Fashion and religion. Can they get along?
When I started FashionValet, I had no intentions of finding glamour or fame. It is merely to find rezeki and fulfil my dreams of having a business. I’ve had so many business plans since university, trust me, I wanted to have a publishing company, I wanted to be an author, I wanted to be a designer. I’ve dreamed all sorts of dreams, and somehow, this one came true first.
Now, more than ever, I’m being invited to events and fashion shows almost every week. And I go because it’s a really good friend or it’s work; because it’s something related to FV. And I decline those that have nothing to do with FV, but merely the ones that want me to feature them on my blog. You can really tell who is taking advantage of your social platform. I’ve even had a “friend” ask me once, “Eh you’re a blogger right? OHHH!! Come to my event!!!” -___- Uh…no…thanks.

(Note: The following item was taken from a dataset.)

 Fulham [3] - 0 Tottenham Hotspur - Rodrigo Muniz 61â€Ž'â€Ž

Anyway, all that aside, I’m just reflecting on myself. I enjoy this new world, but I need to constantly remind myself to feel the earth, remember my roots, because man….you can really get lost in the fashion world. Like prayers for example. If you have an event in the afternoon and you’re all ready with fake eyelashes and thick make-up and stuff.. Then you have an event at night, and you’re like, I can’t be bothered to take all this off. So Zuhur, Asar and Maghrib fly out the window.
As a stockist to beautiful designs, of course, sometimes I see reallyyyy sexy ones. And I know they can be styled in such a way that is modest and covered up, but at the back of my mind, I’m thinking wowww what will my mom have to say about that dress on its own? But that’s the fashion world; everything’s art. And being in this line now, I get to open my eyes to another world. A world of glamour and high fashion. A world where people pout and want to be seen at fashion shows. A world where it’s gorgeous to wear a bra and high waisted skirt to walk around town. It’s really a colourful world and I’ve met a lot of really nice people who have an abundance of talent, MasyaAllah, but really, if I don’t check on myself regularly, I can really go further and further away from religion.

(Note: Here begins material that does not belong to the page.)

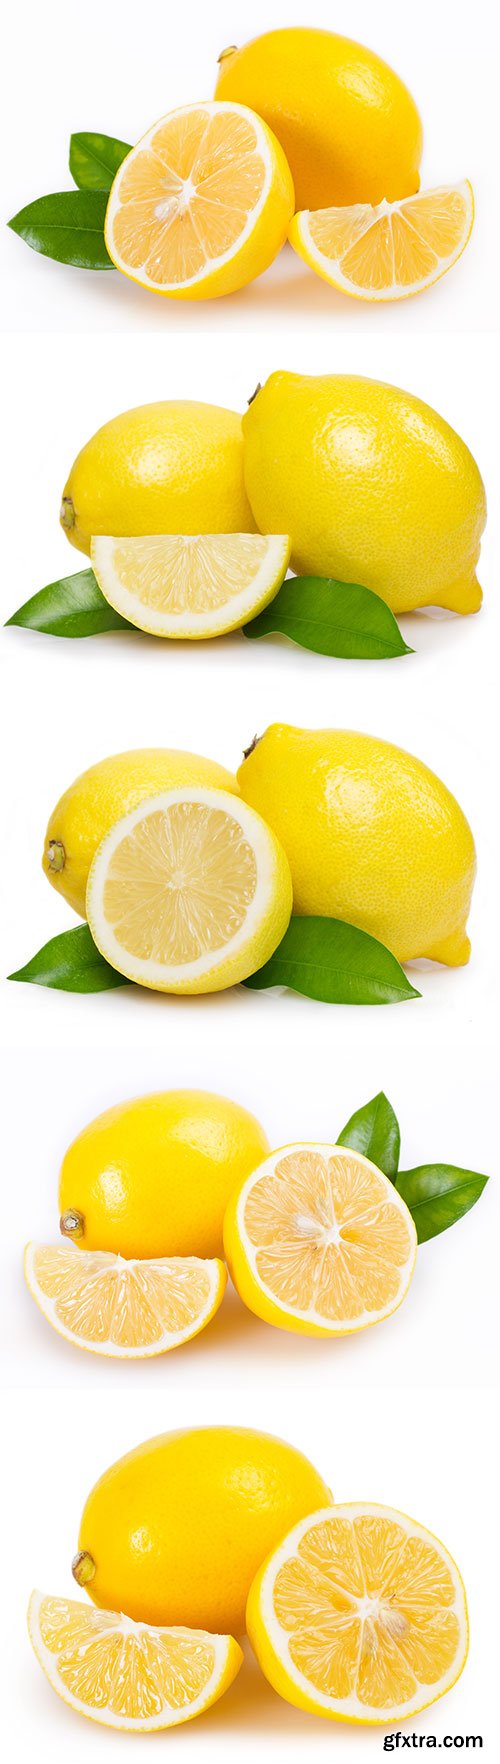 Lemon Isolated - 10xJPGs

This long weekend, I had some time to “spend time” with God. Usually I wrongly rush my prayers because I have work to do, but this weekend, I just sat there. I just sat on my prayer mat and doa. I doa to God that he will guide me and never falter my focus. I started FV with good intentions to ease people’s shopping and to give access to others outside KL to have a taste of local designers. So don’t let that ever change. I’m being featured in magazines and just last week, I am on the cover of one of the best magazines in Malaysia. When I saw the cover, I remembered that I was so happy and so overwhelmed. So I prayed that I will always be humble and not have riak in me. I prayed that with the fast rise of FV, that I will keep cool and not feel proud and glory. I prayed that even with competitors coming in, I will pray for their successes whilst improving my own.
It’s hard being in the fashion line and still keeping faith strong, unless you only deal with hijab fashion, which FV doesn’t. Even so, I do a lot of research on hijab fashion and I feel like some are losing focus. Isn’t donning the hijab about modesty? Why is it that hijab fashion has to be avant garde, splash of colours and sequins from head to toe, and even more eye-catching than mainstream fashion?

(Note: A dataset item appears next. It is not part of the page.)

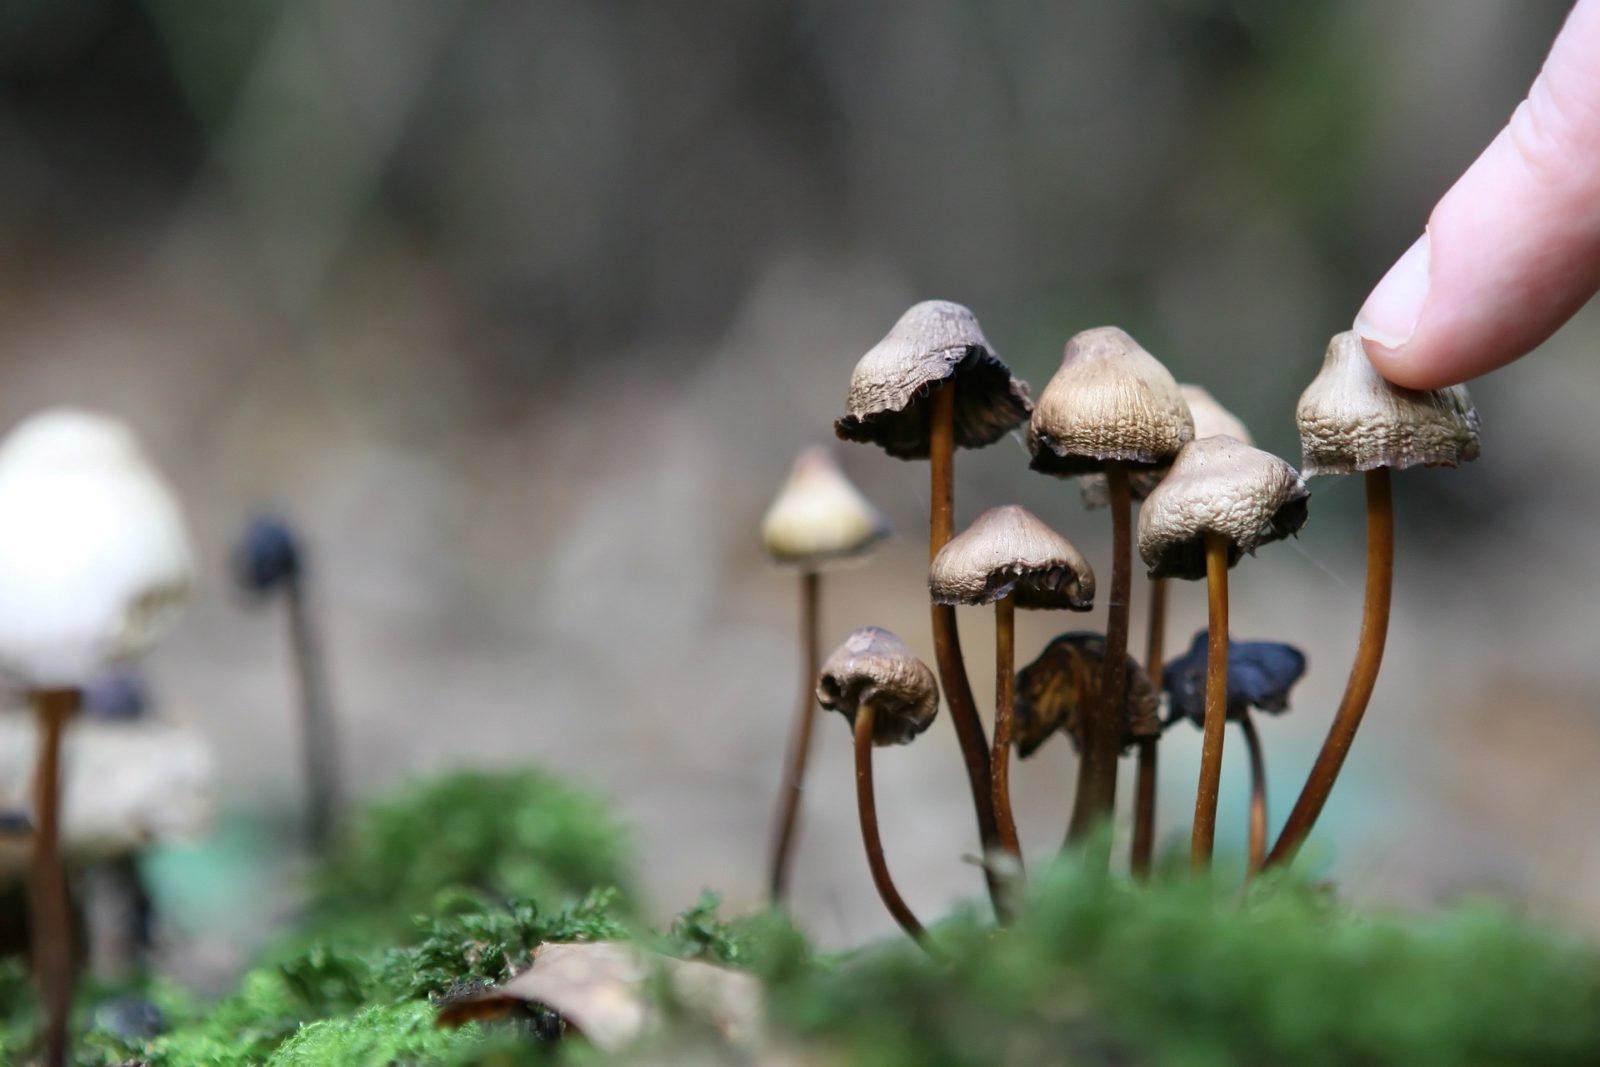 Галлюциногенные грибы — мухомор, серная голова, мицена чистая, спорынья пурпурная, видео

Personally, I feel the relationship between religion and fashion is a tricky one that a lot of people dodge talking about. How can you want to be fashionable when your intentions to cover up is to put vanity aside for Allah swt? How can you don the hijab for modesty and sacrifice to God, and still want people to look at you as a fashion icon? At the same time, we are all women with the natural desire to look good (I should know, I am guilty of not even donning the hijab yet!!). And sometimes, looking good for our husbands alone isn’t enough because after 5 years, they don’t get excited about our hair anymore. What is the fashion limit in religion besides not showing aurat?
Somebody help clarify my thoughts, please?